What Is Truth? Truth and Contemporary Culture


Mohler, R. Albert, Journal of the Evangelical Theological Society


In 1999, Pulitzer Prize winning historian and biographer Edmund Morris released his much-anticipated work on Ronald Reagan. Entitled Dutch: A Memoir of Ronald Reagan, this novel-or biography, or biographical novel-set off a great deal of controversy, not least among those who had hoped for a successor to Morris's magisterial and quite factual, if interpretative, biography of Theodore Roosevelt.

Morris was quite upfront that his intention was to capture Reagan's essence in a mixture of historical narrative, biographical interpretation-and fiction. His publisher, Random House, even had the audacity to claim in its advertising that through this device, Morris was merely telling the truth in an altogether new way. Morris, himself the object of no small amount of criticism, said concerning his project, "It was an advanced and biographical honesty." In other words, by inventing a good percentage of the biography, he had made the book more honest than it would otherwise have been.

We are living in an age of great confusion about the issue of truth. In recent weeks, Ralph Keyes has authored a book entitled The Post Truth Era, in which he suggests that society has now moved beyond a concern for truth. Truth has become such a contested category, he writes, that most persons go through life actually expecting to be lied to, to be the recipients of dishonesty, and to be confronted with endless misrepresentations by advertisers, cultural leaders, and now even biographers. In a world of media invention and virtual reality, truth has become a distant category to many persons, especially in the academic elite. Sociologist Jay A. Barnes, in his recent work on lying, suggests that people have grown so accustomed to untruth that many postmodernists now claim that lies are actually "meaningful data in their own right."1

Today, in sociological analysis, philosophical discussion, and of course, political debate, the issue is truth itself. Recent debates over issues like embryonic stem cell research, same-sex marriage, sexuality, and human cloning are really disguised arguments about the nature of truth itself.

So what is truth? What is the true state of affairs in these situations? What are the truth issues at stake? Whose truth will be victorious?

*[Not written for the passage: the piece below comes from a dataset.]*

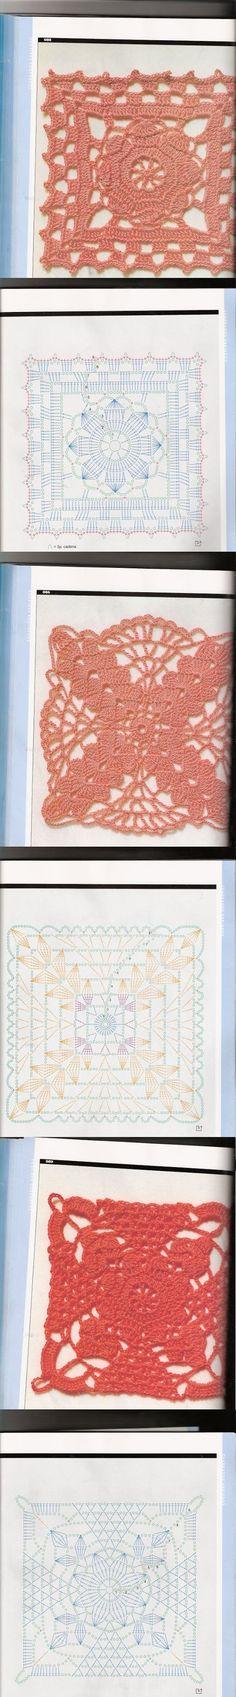 Granny Square häkeln - crochet ♥  #stitch #crochet #pattern #patron #unit

In every corner of culture, confusion and chaos run rampant in this post-truth age. In literature, for example, postmodern narrative has grown so minimalist that it has reached the point of having no point at all. As critic George Steiner explains, "God the Father of meaning in His authorial guise is gone from the game. There is no longer any privileged judge, interpreter, or explicator who can determine or communicate the truth, the true intent of the matter."2 Similarly, artists, musicians, architects, and filmmakers have now openly embraced nihilism. There is, as one critic said, "a noticeable hole in the soul of our contemporary culture, both at its popular and elite levels." Objective meaning has been lost; whatever meaning and truth we find in the artifacts of culture, we are told, is brought there by the viewer in a subjective experience. Directors in the cinema now say that their sole ambition is to tell their truth, as if that were something different from the truth.

In large sectors of academia as well, truth has become such a contested category that no debate is more intense than whether truth can be known at all. The same is true in law, where truth is now a matter to be decided, not discovered. No longer does the nation's judicial system operate on the assumption that judges and juries will reach objective decisions after evaluating evidence presented in an objective manner.

How did we get here? Of course we could begin answering that question at almost any point in intellectual history, but we must begin at least with the Enlightenment. Modernist philosophers like Descartes, Locke, and Kant confronted Western culture with a series of tough questions-the problem of knowledge, most notably, and the subsequent postmodern hermeneutical shift to the subject. …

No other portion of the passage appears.